Главная причина опасения заключается в различии религий. Фламандцы суть весьма усердные и суеверные католики, над которыми духовенство имеет власть неограниченную; одно намерение короля ввести терпимость всех вероисповеданий произвело в них живейшее беспокойство. Архиепископ Льежский, бывший недавно жарким приверженцем Бонапарта, находился в весьма затруднительном положении от буйной декларации одного партизана со стороны кальвинистов, так что принужден был жаловаться на него в своем пастырском увещании. Но ныне царствующая королевская фамилия утвердилась столь сильно, что целого века, мне кажется, мало для того, чтобы сии возмутительные декларации могли остановить успехи веротерпимости. Несмотря на то, король не пренебрегает советами своих новых подданных-католиков. Он обещал употребить все свое влияние для возвращения картин, которые французы вывезли из разных нидерландских церквей, особенно из Брюсселя и Антверпена. Между сими последними было образцовое произведение Рубенса – «Снятие со креста тела Господня», которое вместе с двумя другими, относящимися к подобным предметам находилось прежде в главном алтаре великолепного антверпенского собора. Подобной участи подверглись и прочие утвари сего величественного храма, кроме одной картины, украшавшей часовню, тоже Рубенсовой работы. Чувство благоговения, часто пробуждающееся и в самых грабителях, спасло ее от похищения.

Несмотря на то что король обещал потребовать назад церковные картины, большая часть фламандцев смотрит на сие обещание как на поруку, что религия, им исповедываемая, не воспрепятствует ему покровительствовать католикам. Почти нет никакого сомнения, что при постепенном влиянии времени и примера, грубые предрассудки и суеверия исчезнут во Фландрии так, как и в других европейских странах.

Ничто столько не способствовало укоренению народной любви к Оранскому дому, как деятельный и твердый характер наследного принца. Его подвиги во время сражений при Катрбра и Ватерлоо, и рана, полученная им в последнем, еще более укрепили связи, соединявшие царствующий дом с новыми подданными, отвыкшими с давнего время повиноваться государям, кои могли бы предводить ими в битве и проливать собственную кровь для их спасения.

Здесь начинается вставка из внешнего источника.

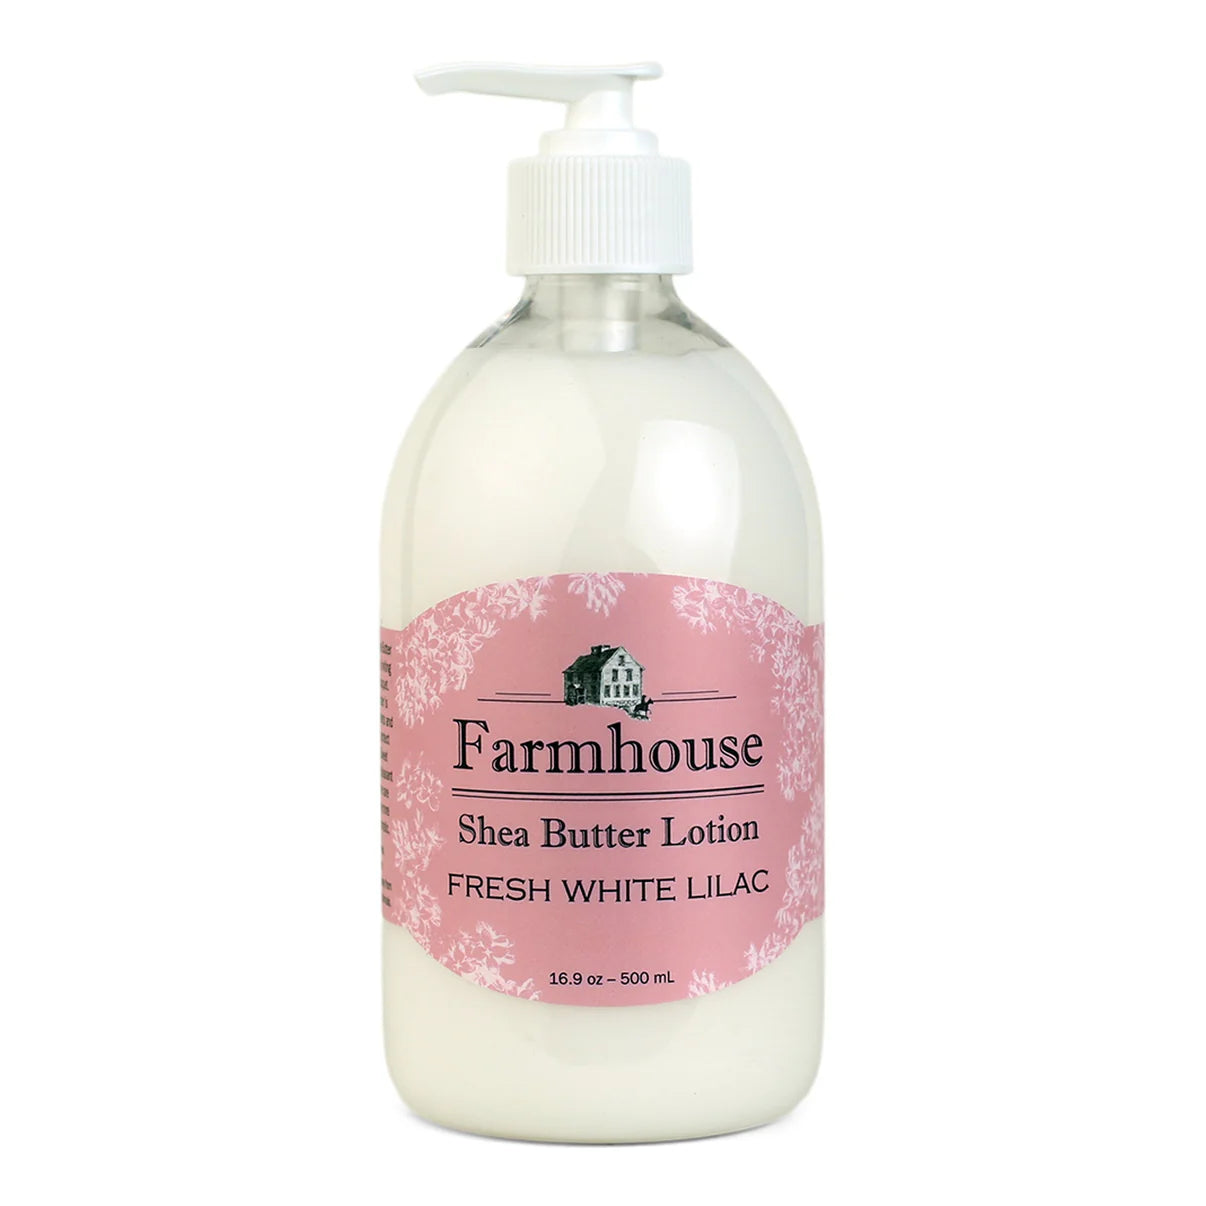 Farmhouse Fresh White Lilac Shea Butter Lotion 16.9oz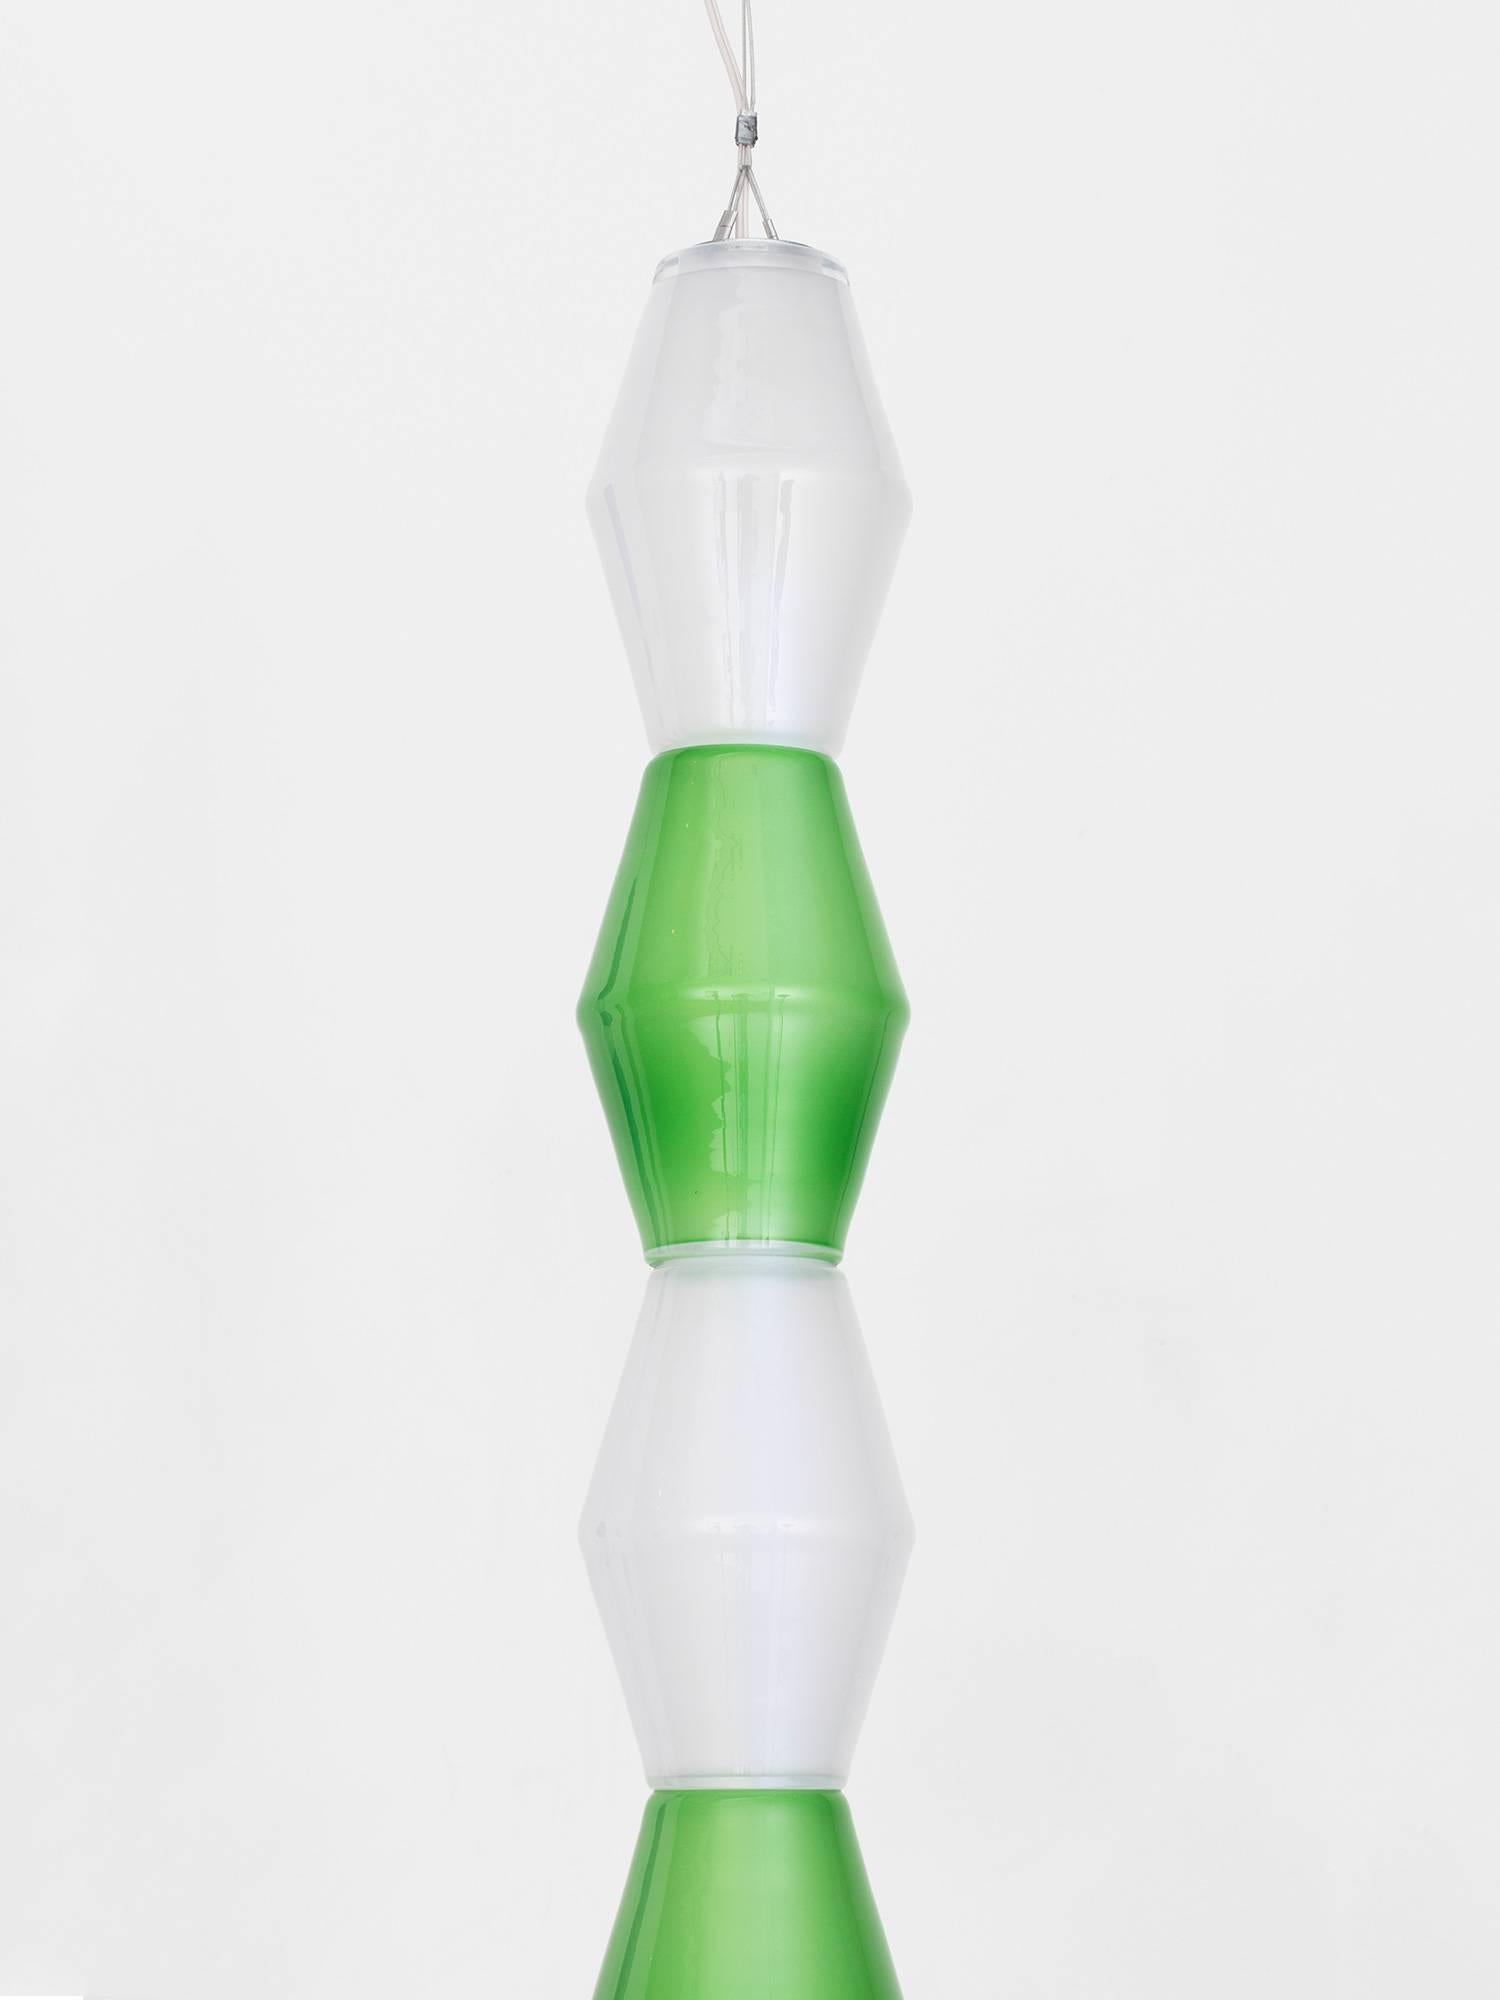 Suspension en verre totémique fabriquée à la main par l'artiste/architecte norvégien Tron Meyer. La lampe est composée de onze formes en verre vert et blanc enroulées autour d'un noyau de LED, qui ont été soufflées à la main dans un moule en bois

Военная сила их, возрастающая ежедневно, уже довольно значительна: хотя некоторые бельгийские войска дурно вели себя в последнюю кампанию, было, однако, много и таких (особенно в пехоте и артиллерии) кои по своему мужеству и дисциплине без стыда могут стать наряду с лучшими английскими войсками. Храбрые белги по справедливости гордятся воинской славой, которую они приобрели с такой же честью, как и принц, ими управляющий. На каждом брюссельском перекрестке встречаются уличные певцы, продающие разные стихи в честь принца и солдат его. Я, как страстный любитель народных песен, купил себе образчик фламандской поэзии, в котором, скажу мимоходом, о герцоге Веллингтоне и Джоне Булле вовсе не упоминается, как будто их и не было при Ватерлоо.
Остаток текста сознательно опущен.